INFORMATION SUPPLIED START
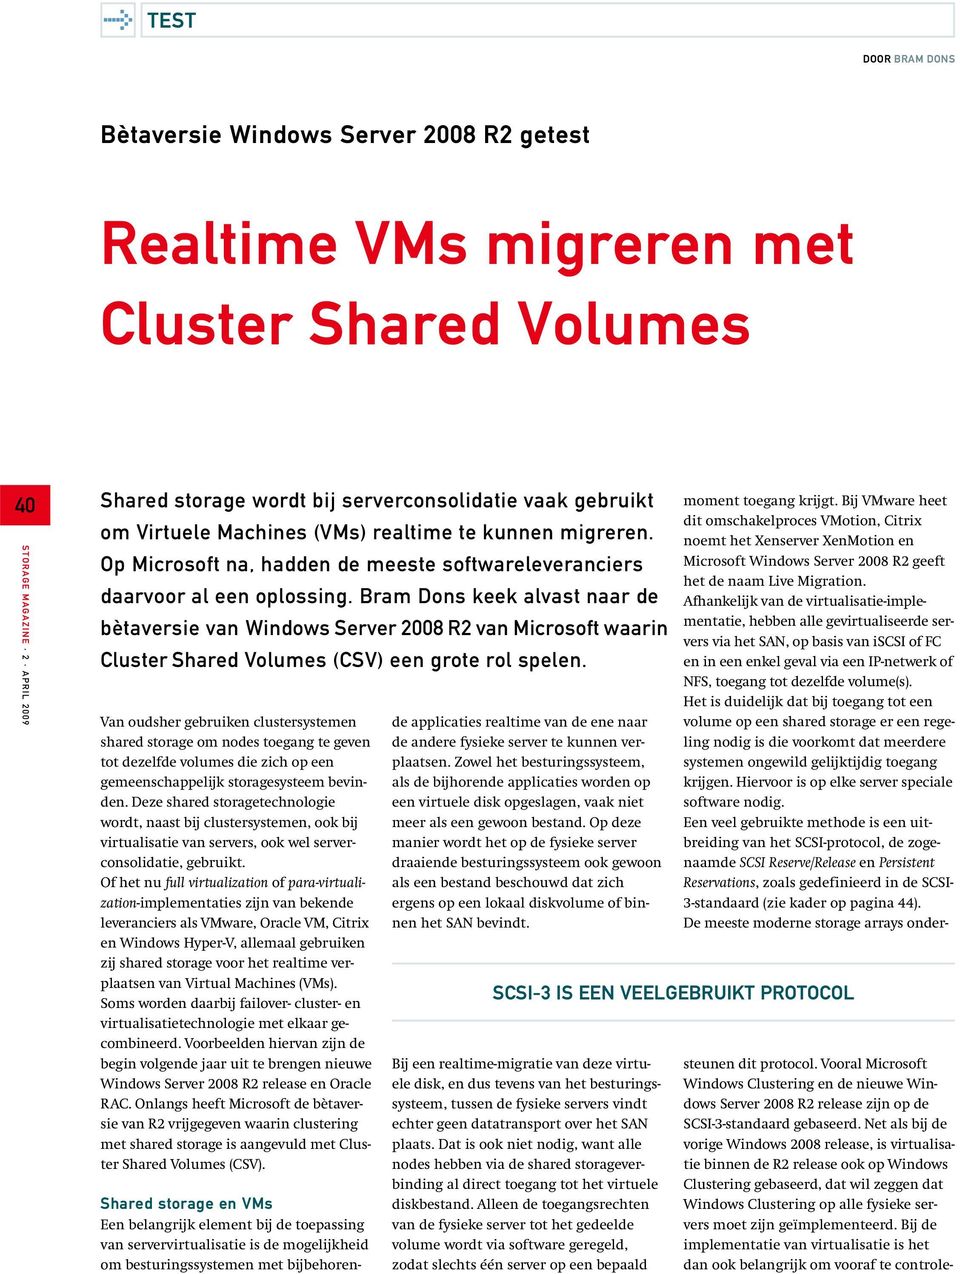 Bram Dons keek alvast naar de bètaversie van Server 2008 R2 van Microsoft waarin Cluster Shared Volumes (CSV) een grote rol spelen.
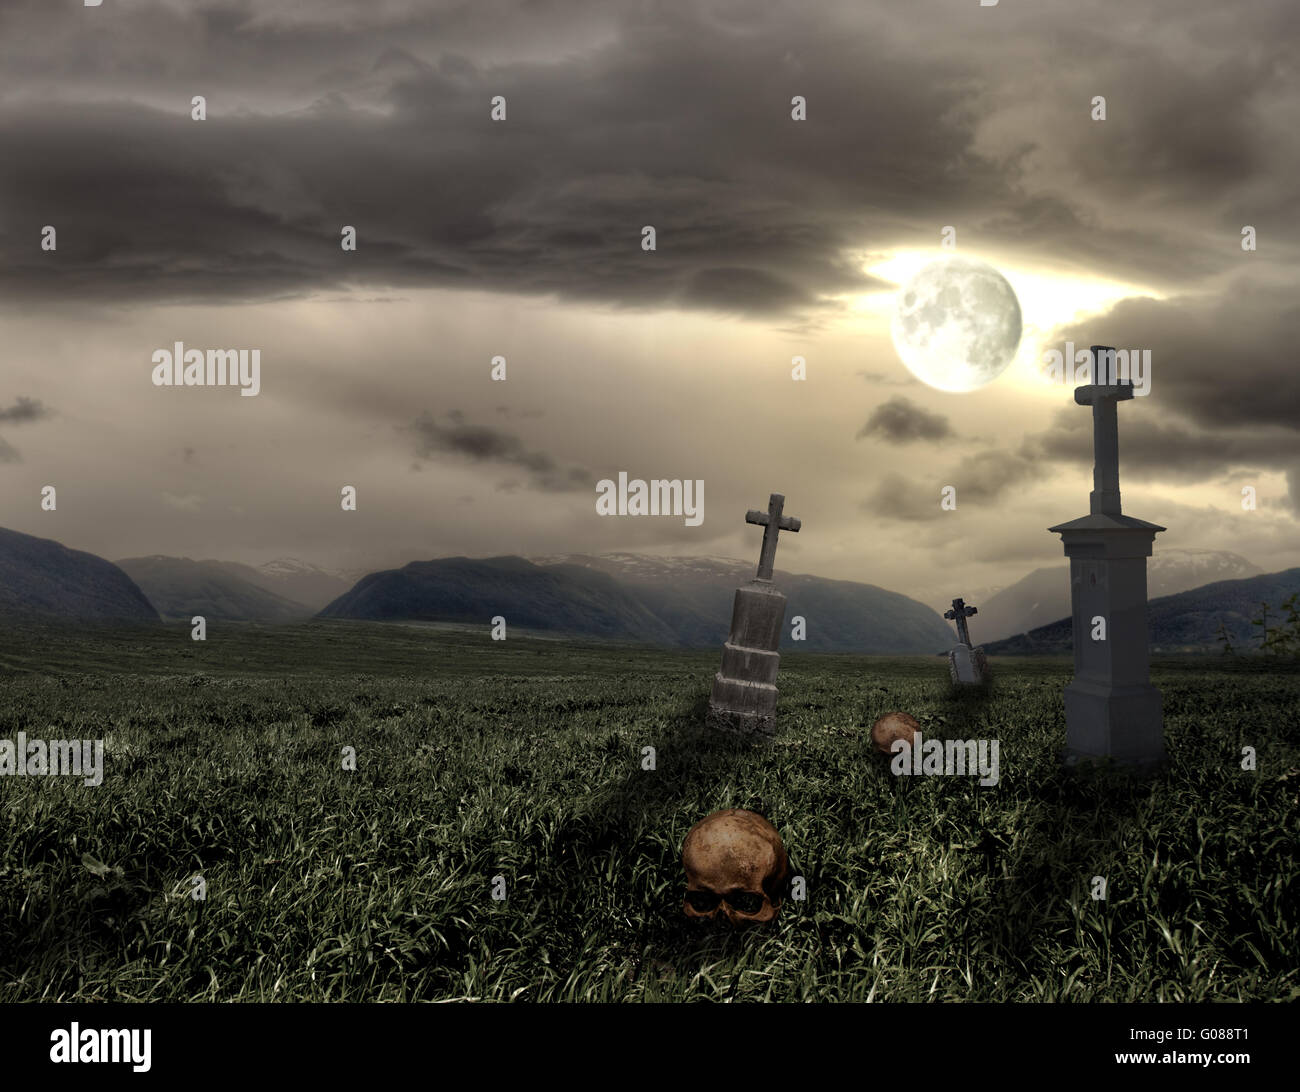 Spooky Halloween cimetière avec des nuages sombres et la lune Banque D'Images
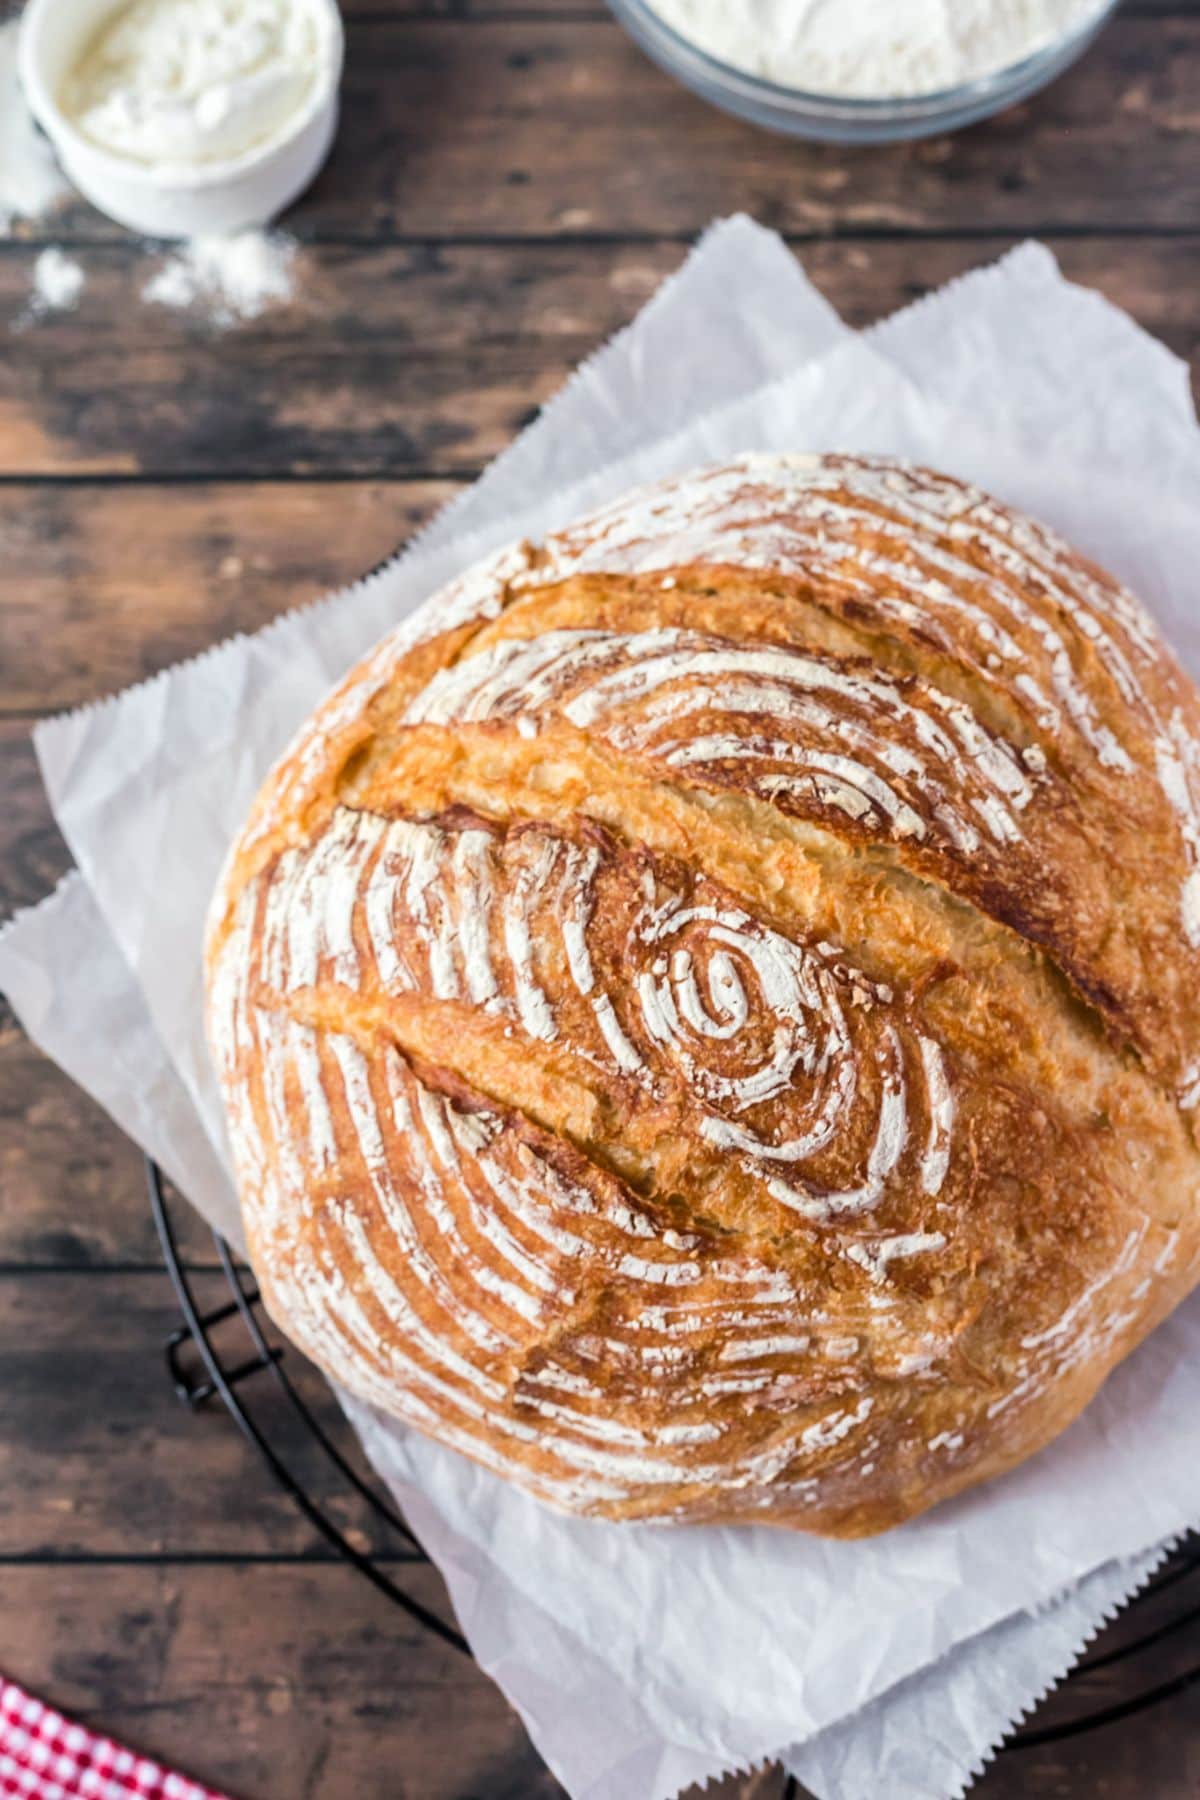 https://littlechefwithin.com/wp-content/uploads/2023/06/Dutch-Oven-Sourdough-Bread-Round-loaf.jpg
INFORMATION SUPPLIED END
**TASK OBJECTIVE:** Output only the lines from the line that contains "Spooky Halloween cimetière" through the end of the material, both ends included, and skip every picture.

**TASK SOLUTION:**
 Spooky Halloween cimetière avec des nuages sombres et la lune Banque D'Images
 https://littlechefwithin.com/wp-content/uploads/2023/06/Dutch-Oven-Sourdough-Bread-Round-loaf.jpg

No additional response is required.